Justification for this change

  • In the failing CI run, /metrics servlet returned HTTP 500 while the test was scraping. When /metrics servlet returns 500, the client returns no data for that scrape. If the test takes its baseline during such an outage, it can record a value like 0 even if the counter had already advanced. On the next successful scrape, the value might already be greater than baseline + 1, which can produce a false pass by counting increments that occurred before the baseline. The fix avoids taking a baseline during an outage by waiting for the first successful scrape that shows the sample, then requiring two increments after that point. This keeps the original intent intact and removes the flake.

  • This change does not mask real failures.

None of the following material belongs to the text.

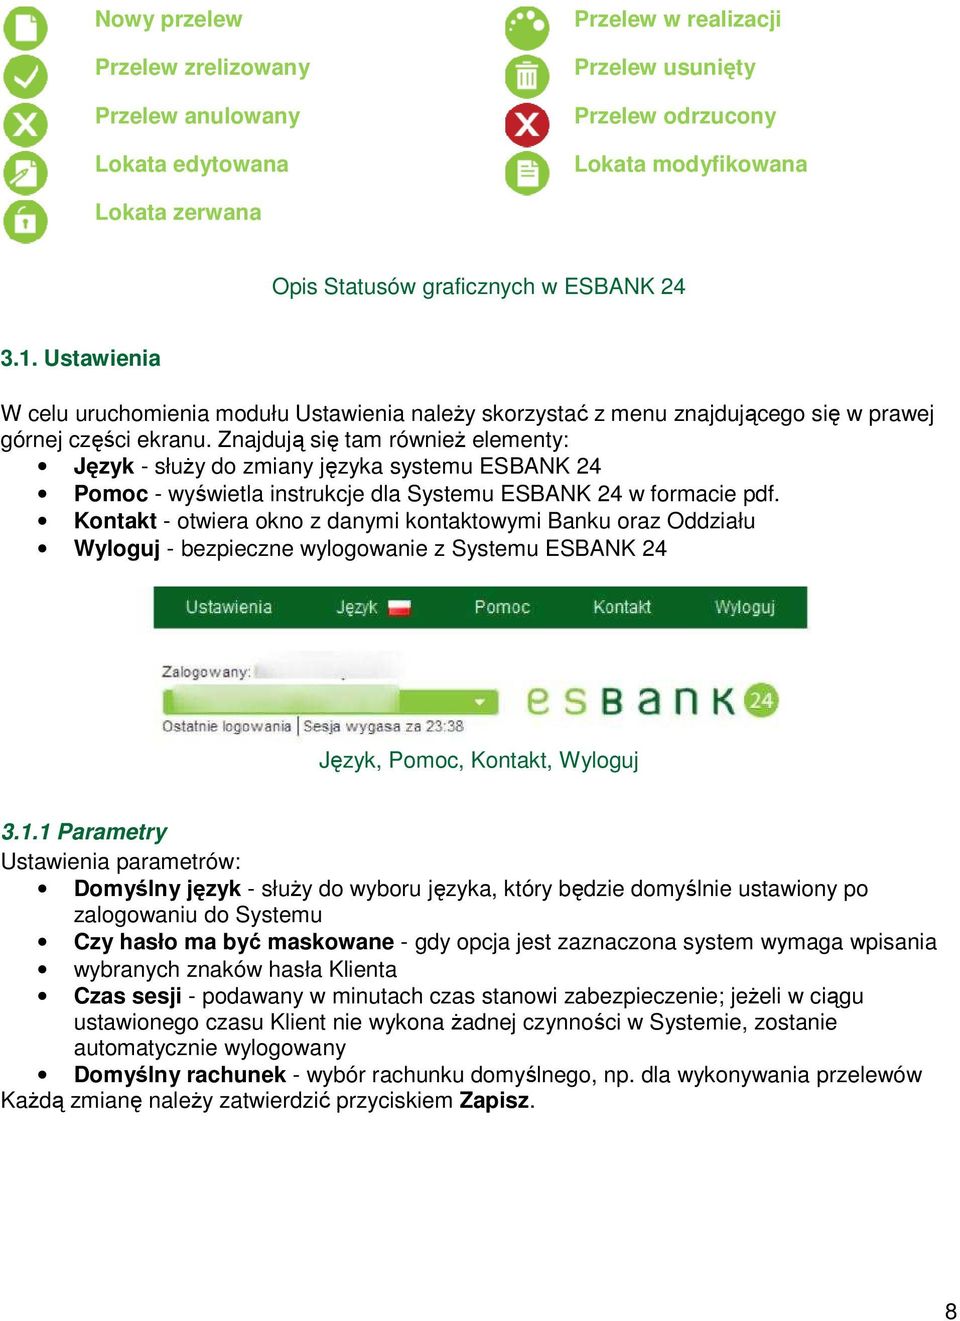 Znajdująą się tam równieŝ elementy: Język - słuŝy do zmiany języka systemu ESBANK 24 Pomoc - wyświetla wietla instrukcje dla Systemu ESBANK 24 w formacie pdf.

If the servlet continues to fail due to DisabledMockException and the sample never becomes visible, the await times out within the same overall bound, and the test fails deterministically rather than crashing or falsely passing. The failing CI case showed exactly this failure mode at scrape time.

Verifying this change

  • Make sure that the change passes the CI checks.

Reproduction snippet for reviewers
This section is optional and not part of the PR. It demonstrates the original crash locally. Do not commit any temporary edits from this section.

Prerequisite
You are on a commit before the fix, so the two helper methods already have their original implementations shown below. If you are on the PR branch that contains the fix, temporarily replace the fixed helpers with these originals before running this reproducer, then restore the fixed helpers after you finish.

1. Verify the original helpers in BacklogQuotaManagerTest.java

// Original implementations for local reproduction only.
// Do not commit these definitions.
private void waitForQuotaCheckToRunTwice() {
    final long initialQuotaCheckCount = getQuotaCheckCount();
    Awaitility.await()
            .pollInterval(1, SECONDS)
            .atMost(TIME_TO_CHECK_BACKLOG_QUOTA * 3, SECONDS)
            .until(() -> getQuotaCheckCount() > initialQuotaCheckCount + 1);
}

private long getQuotaCheckCount() {
    Metrics metrics = prometheusMetricsClient.getMetrics();
    return (long) metrics.findByNameAndLabels(
                    "pulsar_storage_backlog_quota_check_duration_seconds_count",
                    "cluster", CLUSTER_NAME)
            .get(0).value; // indexes into an empty list during a failing scrape
}

2. Add a temporary test that forces one failing scrape
It forces one failing /metrics scrape by registering a short-lived ObserverGauge whose supplier throws exactly once. The first scrape fails and returns no samples, which makes the original getQuotaCheckCount() index into an empty list and throw ArrayIndexOutOfBoundsException. The original getQuotaCheckCount() then indexes an empty list and causes ArrayIndexOutOfBoundsException. The gauge is labeled so it participates in metrics output and is unregistered in finally

// Reviewer-only local reproducer. Do not commit. Run just this method locally
@Test(timeOut = 60000)
    public void backlogQuotaMetricsReproOriginalCrash() {
        final java.util.concurrent.atomic.AtomicBoolean throwOnce =
                new java.util.concurrent.atomic.AtomicBoolean(true);

        final ObserverGauge observerGauge = ObserverGauge.build("pulsar_test_fail_once",
                        "Fail exactly one scrape")
                .labelNames("cluster")
                .supplier(() -> {
                    if (throwOnce.getAndSet(false)) {
                        throw new RuntimeException("fail_once");
                    }
                    return 0;
                })
                .register();

        try {
            observerGauge.labels(CLUSTER_NAME);
            waitForQuotaCheckToRunTwice();
            org.testng.Assert.fail("Expected ArrayIndexOutOfBoundsException from original code");
        } finally {
            io.prometheus.client.CollectorRegistry.defaultRegistry.unregister(observerGauge);
        }
    }

3. Run only this test.
./mvnw -pl pulsar-broker -Dtest=BacklogQuotaManagerTest#backlogQuotaMetricsReproOriginalCrash -DforkCount=1 -DreuseForks=false -Dsurefire.printSummary=true -Dtestng.verbose=2 test

4. Expected result
the test throws ArrayIndexOutOfBoundsException, proving the crash is reproducible when a scrape returns no samples.

5. Cleanup
Delete the temporary test method.

Personal CI Results

Tested in Personal CI fork: vinkal-chudgar#2

Status: All checks have passed (47 successful checks, 3 skipped)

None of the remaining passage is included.